Whereas Hegel’s philosophical investigations had, until this point, proceeded from the elementary system of relationships associated with communicative action, here (in the fragments of 1803/4) the analysis begins with the theoretical and practical confrontation of individuals with their environment. The intellectual formative process resulting from this confrontation — the further development of which takes the form of Spirit’s reflection on the mediations that it has already intuitively accomplished — allows, first, a consciousness of totality to emerge in the individual subject, which leads, second, to the stage of universalization or decentralization of ego-perspectives that accompanies the struggle for recognition. To this extent, the conflict between subjects have lost the second dimension of significance that it had in the System of Ethical Life. For it no longer represents a medium for consciousnessformation of individuals as well but is left instead only with the function of being a medium of social universalization, that is, of integration into community. Because Hegel gives up, along with the Aristotehanism of his early Jena writings, the notion of an original intersubjectivity of human life, he can no longer conceive the process of individualization in terms of the agonistic release of individuals from already existing communicative relations. In fact, his political theory of ethical life completely loses the character of a ‘history of society’, of an analysis of directional changes in social relations, and gradually takes on the form of an analysis of the education [Bildung] of the individual for society.

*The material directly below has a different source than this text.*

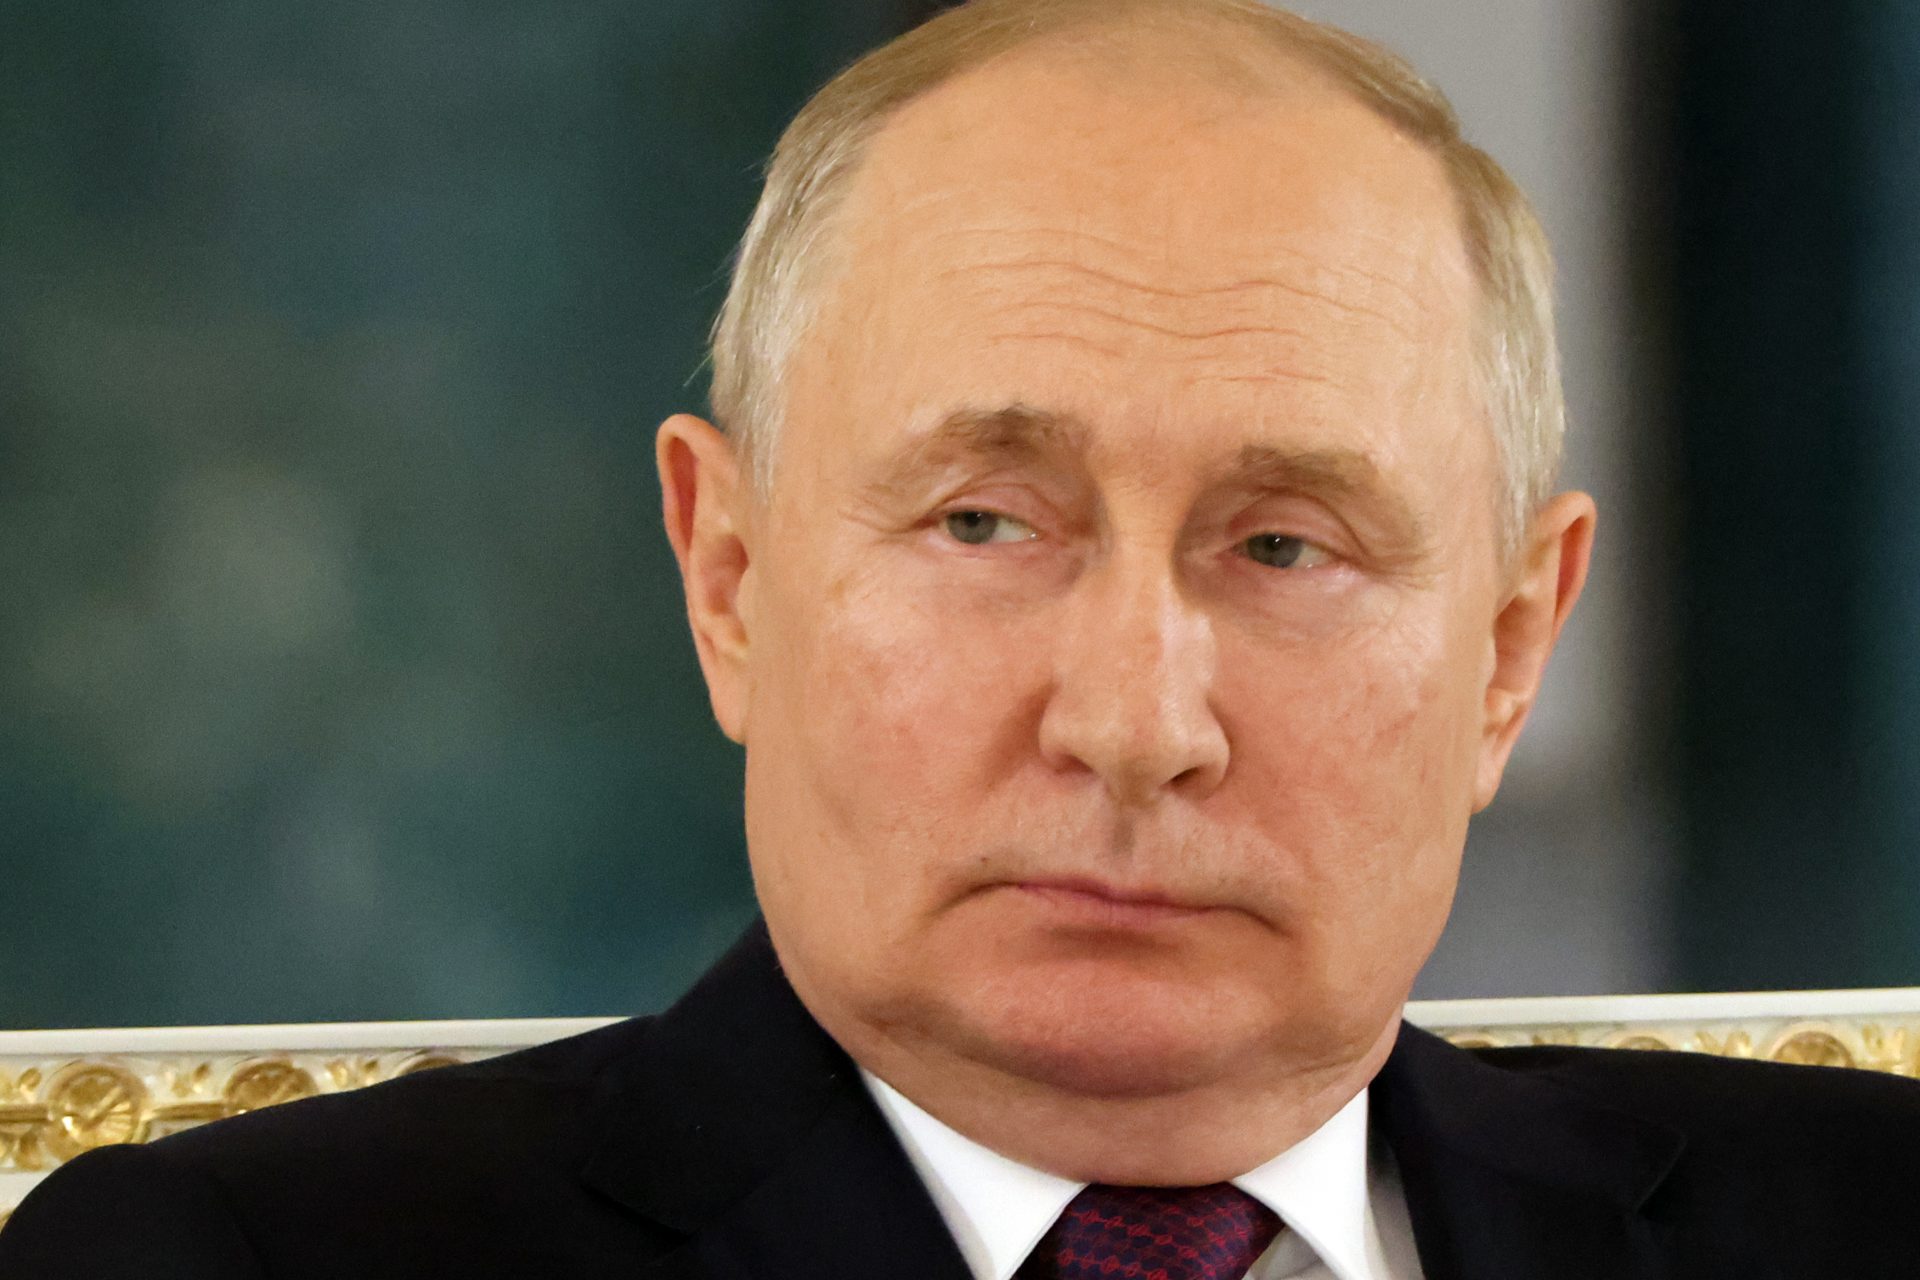 Faire attendre indéfiniment les dirigeants du monde : tel est le coup de force politique de Poutine

If these considerations are correct, Hegel paid for the theoretical gains of his turn to the philosophy of consciousness by sacrificing his strong intersubjectivism. By making the conceptual modification first introduced in the proposed system of 1803/4, Hegel does create, for the first time, the theoretical possibility for conceptually distinguishing more precisely between the individual stages of individual consciousness-formation. At the same time, this generates the opportunity for differentiating various concepts of the person that his approach had been lacking. But the benefit thus obtained, in terms of a theory of subjectivity, comes at the expense of a communication-theoretical alternative, which was in fact also implicit in the reference to Aristotle. The turn to the philosophy of consciousness allows Hegel to completely lose sight of the idea of an original intersubjectivity of humankind and blocks the way to the completely different solution that would have consisted in making the necessary distinctions between various degrees of personal autonomy within the framework of a theory of intersubjectivity. But the categorial advantages and the theoretical losses that this cognitive step generates for Hegel’s idea of a ‘struggle for recognition’ can only be adequately assessed in connection with the text in which this conceptual reorientation comes to a provisional conclusion. Already in the 1803/4 draft of his Realphilosophie — the last text before the Phenomenology of Spirit — Hegel analysed the formative process of Spirit entirely within the framework of the newly acquired paradigm of the philosophy of consciousness. Despite the fact that virtually all echoes of the System of Ethical Life have disappeared from this text, never again in the later political philosophy is the ‘struggle for recognition’ given such a strong, systematic position as here.